Hi-rise condos are selling — kindasorta. If you put your ear to the ground, you’ll hear all kinds of doom and gloom about luxury condos, but in the long run all of these new units will sell. The problem is that construction costs push sales prices to $300 per square foot and above, so there probably will never be hi-rise living in Phoenix, Scottsdale or Tempe for the less-than-affluent.

But: Hope springs eternal in North Phoenix. CityNorth is lo-rise residential with a paired retail district. This is one worth watching, if only because it will tell us if people are willing to pursue a facsimile of urban living in what is, for now at least, a fairly remote location. The dirt on that branch of the SR-101 Freeway is hugely underdeveloped, so it will also be interesting to see if CityNorth can induce a more-vertical Phoenix up north.

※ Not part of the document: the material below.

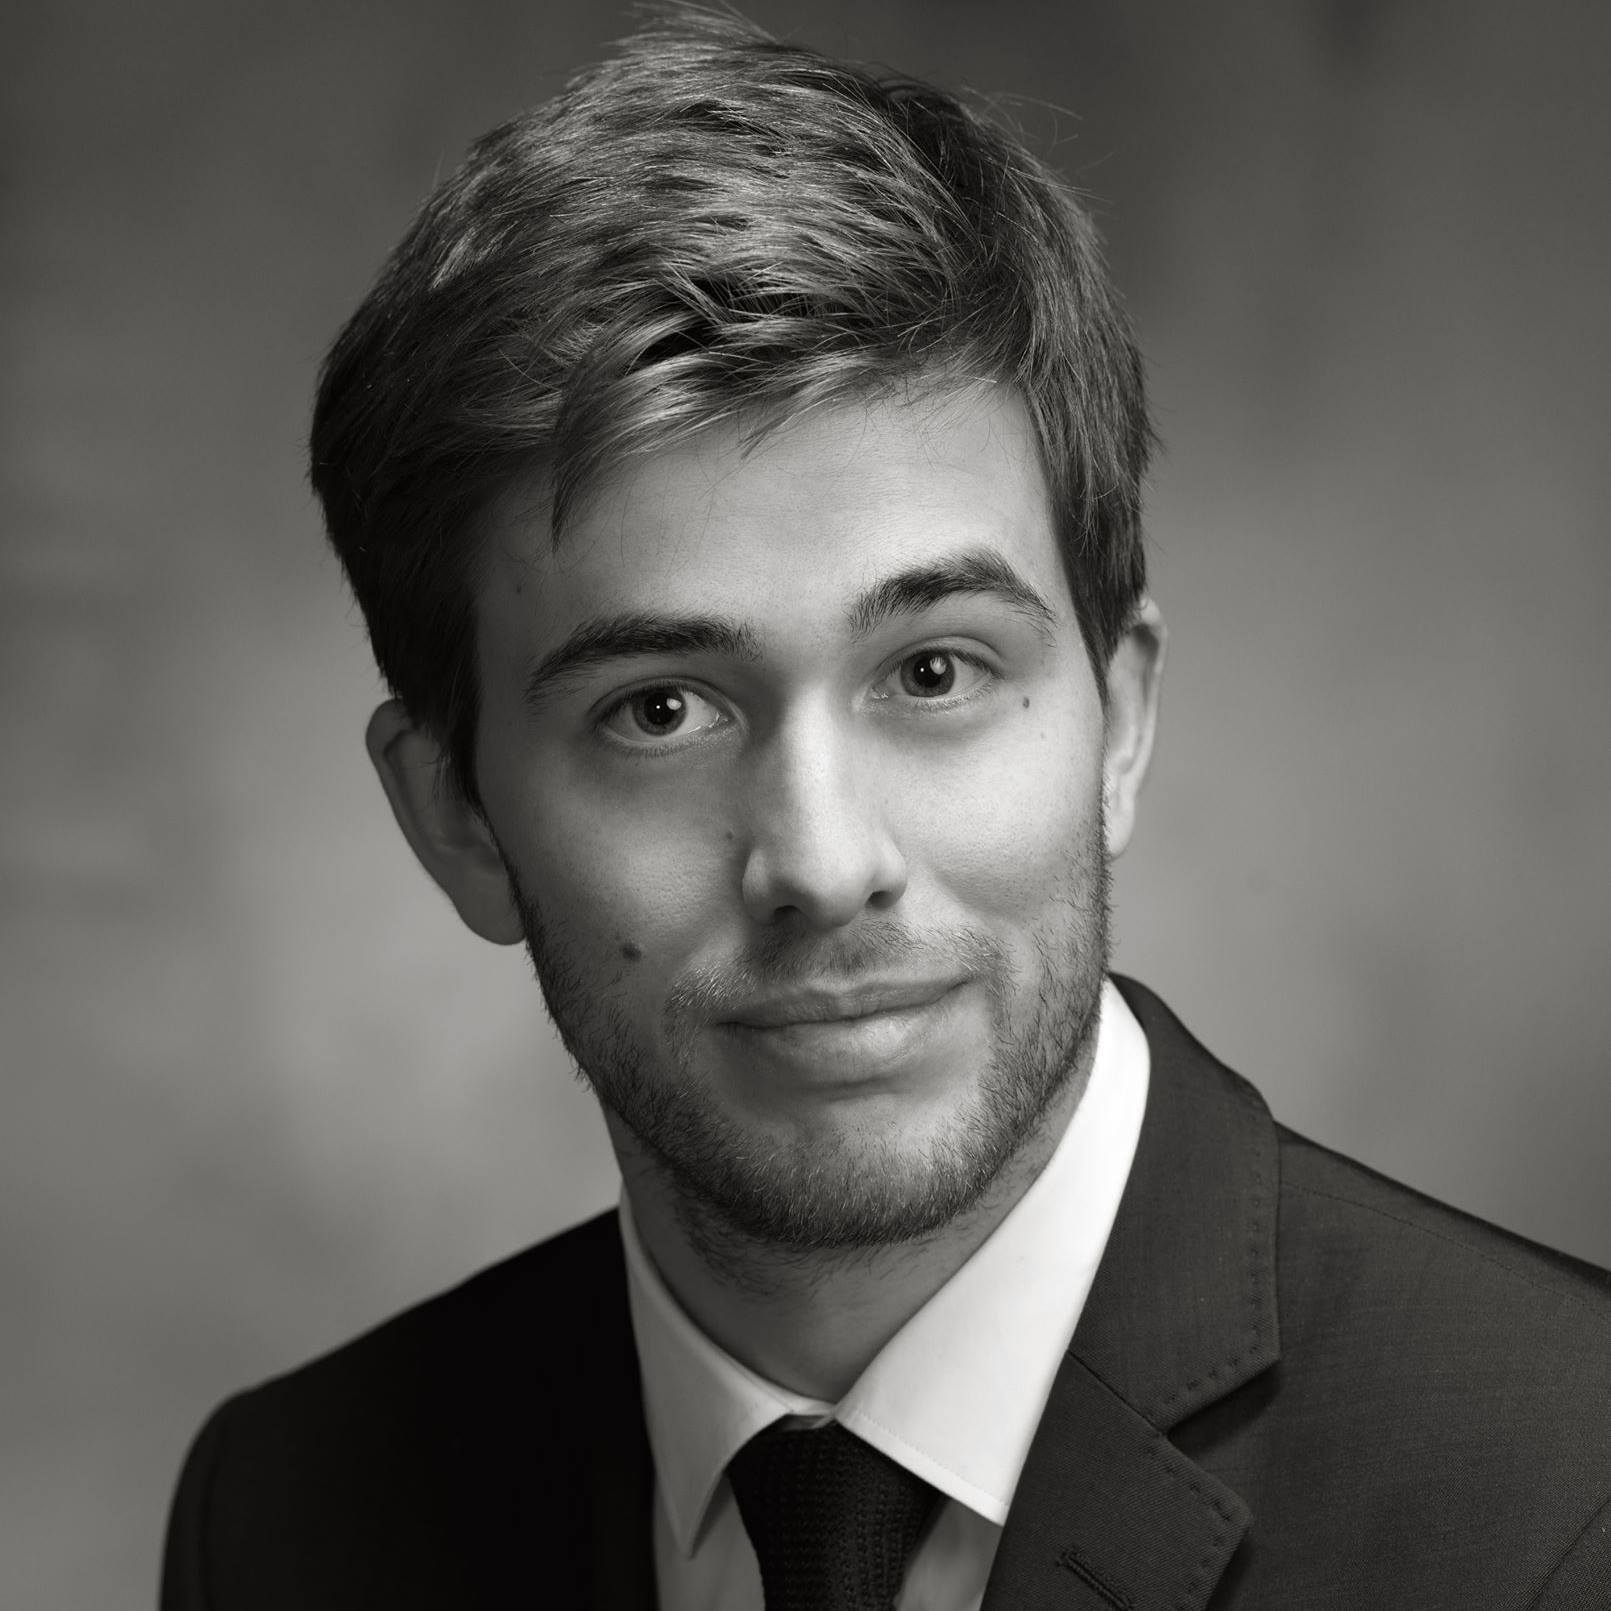 Guillaume Allègre
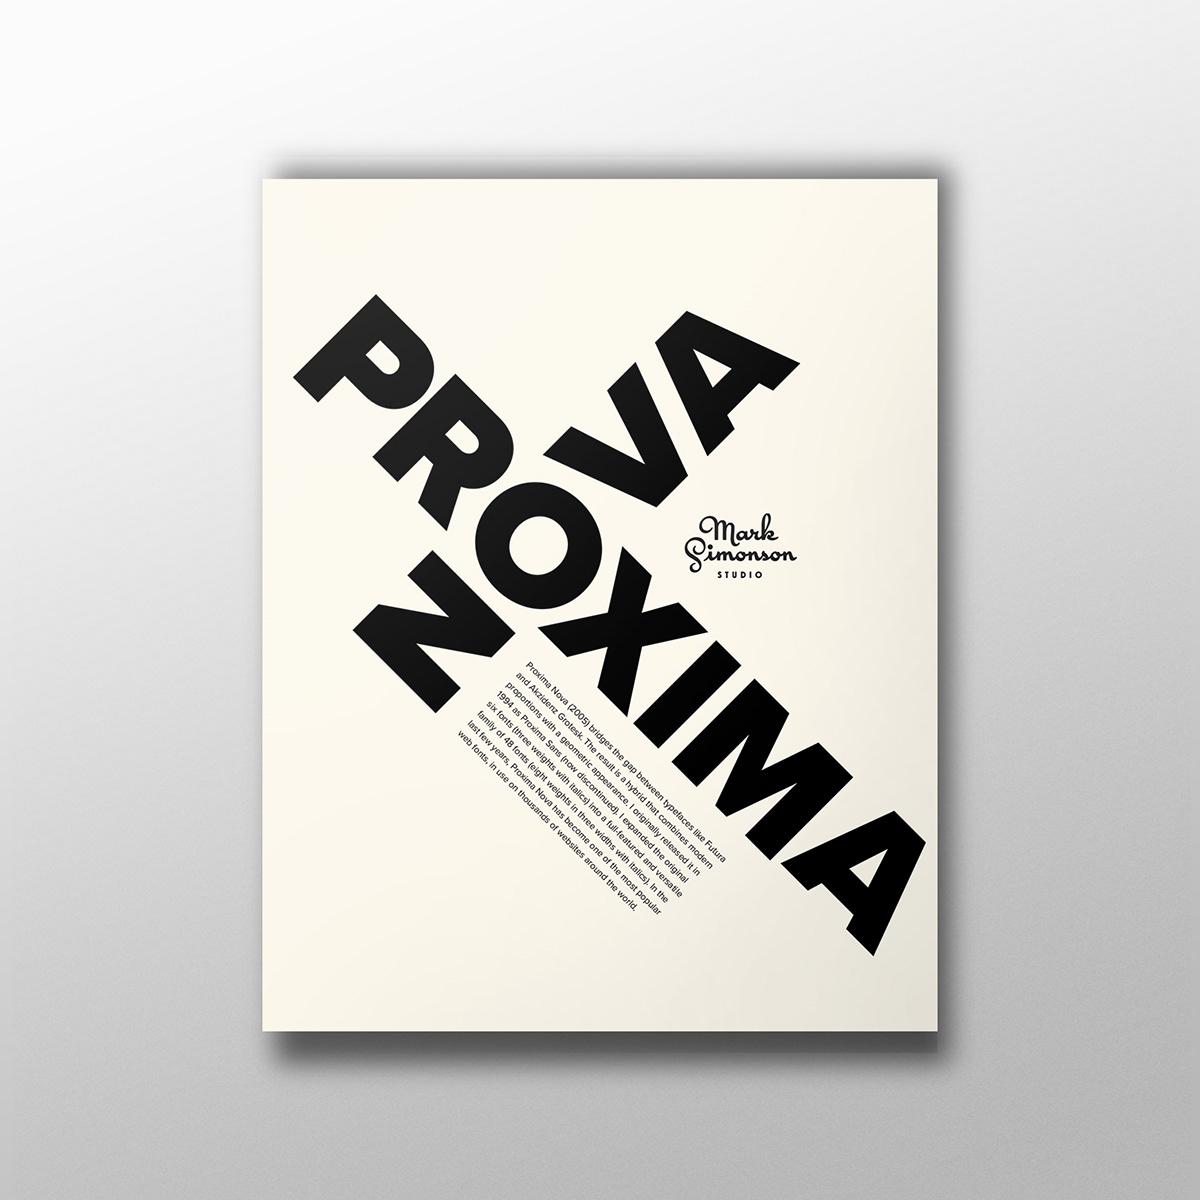 Proxima Nova Typography Poster On Student Show

The big question might be: Why open a sales office now, with the real estate market in the doldrums? The answer is that the developer is betting that the market will have turned by the time it gets up to speed.

Don’t snicker, but Avondale also has vertical ambitions. This is not as silly as it might seem at first glance. The confluence of the I-10 and the SR-101 Freeways is rich with people, and neither Phoenix nor Tolleson seems to be taking advantage of that opportunity. Avondale is close to being built out in its current footprint, and Goodyear has sucked all the oxygen out of the annexation possibilities. As with Tempe, that leaves Avondale with one direction for growth: Up.

The Phoenix Metropolitan area has zoning — which disperses development — but it lacks any sort of regional vision to concentrate big-budget building all in one or two places. Downtown Phoenix may eventually suck up enough tax-money and government takings and giveaways to come to life, a costly proof of the Frankenstein principle. Uptown Scottsdale has the money to do whatever it wants. The only real, organic urban vertical development is in Tempe, and Tempe is still my bet for the most-downtownlike undowntown in the Phoenix area. But scattering our vertical development in the same way that we scattered our suburban development may not be the best strategy for getting the Phoenix Thunderbird back to the sky.